Suite aux émeutes de Romans-sur-Isère (Drôme) le 29 septembre dernier, une étude basée sur une rencontre avec un groupe de jeunes rappeurs de la cité dite « des enfants perdus » avec le sociologue Manuel Boucher revient sur les éternels rapports conflictuels entre jeunes et police.

Depuis la répression à l’encontre des émeutiers et « les lourdes peines - six ans de prison pour l’un d’entre eux - neutralisent l’envie de certains jeunes d’en découdre avec les forces de l’ordre ». Mais le poids des mauvaises relations entre les habitants des quartiers et la police est considérable. L’étude décrit une situation très tendue : « toutes les nuits, trois cars de CRS quadrillaient le quartier (…) trois ans après les émeutes de novembre 2005. » Les provocations viennent des deux cotés. Abou raconte : « Des fois quand ils passent en voiture, les CRS ils font des bras d’honneur, [...] ils vous provoquent [...] ils ont rien à faire, tellement qu’ils galèrent. Ils ont besoin d’adrénaline. » La police se comporterait mieux dans d’autres quartiers, notamment les centre-ville, en particulier quand il s’agit de séparer deux individus qui se battent. Mais lorsque cela se passe dans le quartier « ce ne sont jamais des policiers qui arrêtent ces bagarres mais des habitants eux-mêmes », rapporte le sociologue. D’où un sentiment de deux poids, deux mesures.

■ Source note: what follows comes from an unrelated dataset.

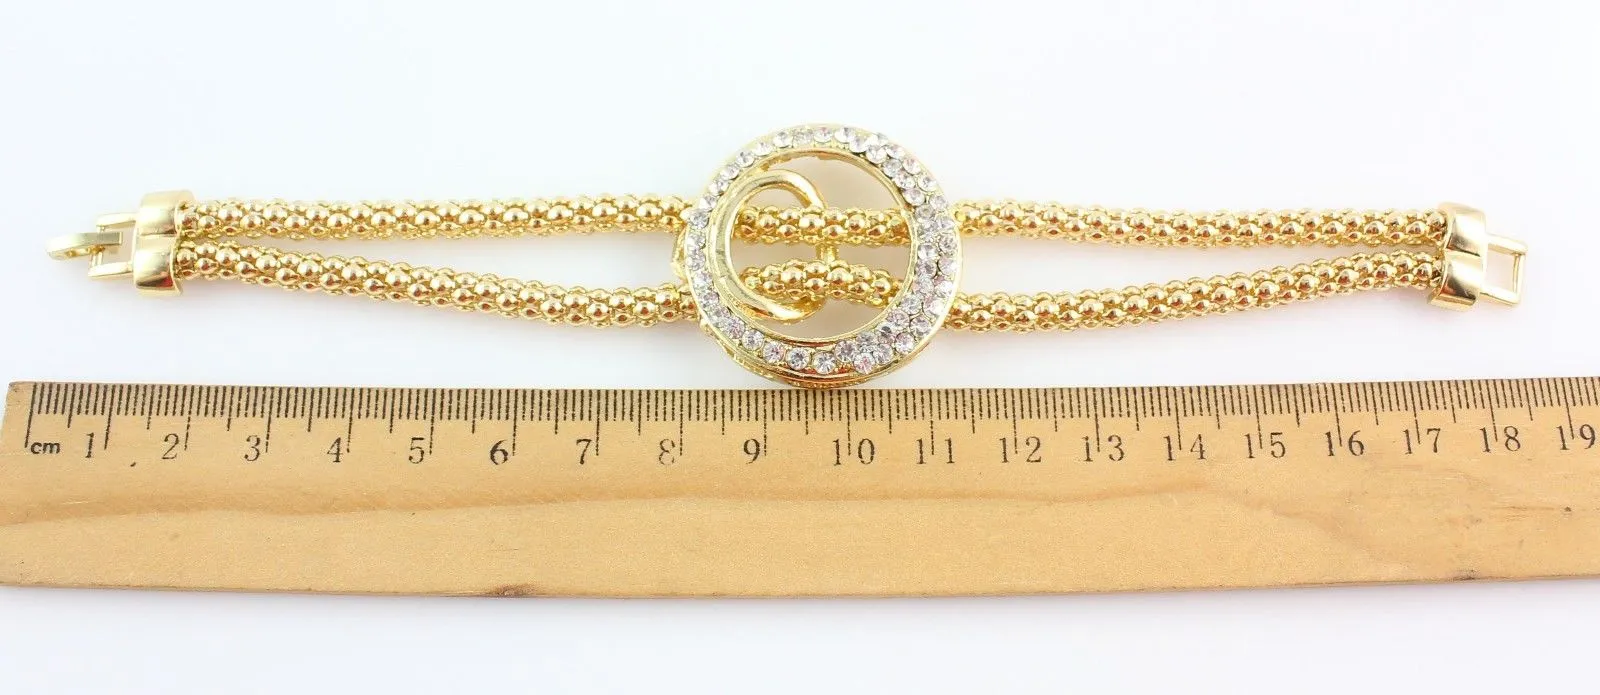 Moda banhado a ouro cadeia de cobra colar de cristal pulseira anel brincos conjuntos de jóias

Pourtant, la détestation de la police ne fait pas l’unanimité chez les jeunes interviewés : il y a ceux pour qui « les flics du poste de police du quartier ne sortent jamais sauf pour aller à Intermarché chercher du vin et acheter du camembert ». Et puis ceux qui affirment : « Il y a des keufs qui nous ont sauvé la mise quand même. Moi je dis qu’il y a des keufs ce sont de vrais enculés mais il y en a d’autres non ! », précise ainsi Stomy. Ceux qui tiennent ces propos, selon Manuel Boucher, sont « des jeunes qui, à un moment donné de leur trajectoire, ont pu sortir du quartier et même de la ville grâce à leur réussite scolaire ou à leur parcours professionnel ». Ils ont pu rencontrer les policiers ailleurs que dans un contexte de quartier, « où les processus de stigmatisation sont réciproques ». Pour les premiers, « si l’on développe des rapports humains avec la police et que des policiers se comportent humainement avec vous, c’est que nécessairement vous leur fournissez des informations sensibles sur les activités illégales (…) dans le quartier ». En gros, vous êtes une balance. Selon M. Boucher, les jeunes qui affirment au grand jour entretenir des relations amicales avec des policiers ont donc, soit un passé de délinquant notoire, soit une reconnaissance particulière (par exemple des sportifs reconnus) qui leur assurent une certaine respectabilité. Explication de certains comportements inadmissibles des policiers à l’égard des jeunes, selon ces derniers : « Il y a pas mal de policiers qui lorsqu’ils étaient jeunes se faisaient tabasser par les renois et les rebeus (…) Les trois quarts des keufs se faisaient victimer. Donc en devenant keufs ils se sont dit dans leur tête qu’ils pourraient faire la misère à tout le monde. » Enfin, seule une catégorie de forces de l’ordre échappe à la vindicte : les gendarmes, considérés « plus compréhensifs et surtout plus professionnels ». A tel point que pour certains jeunes interviewés, entrer dans l’armée pour sortir de la galère n’est pas exclu. Faut-il vraiment considérer cela comme une lueur d’espoir ?!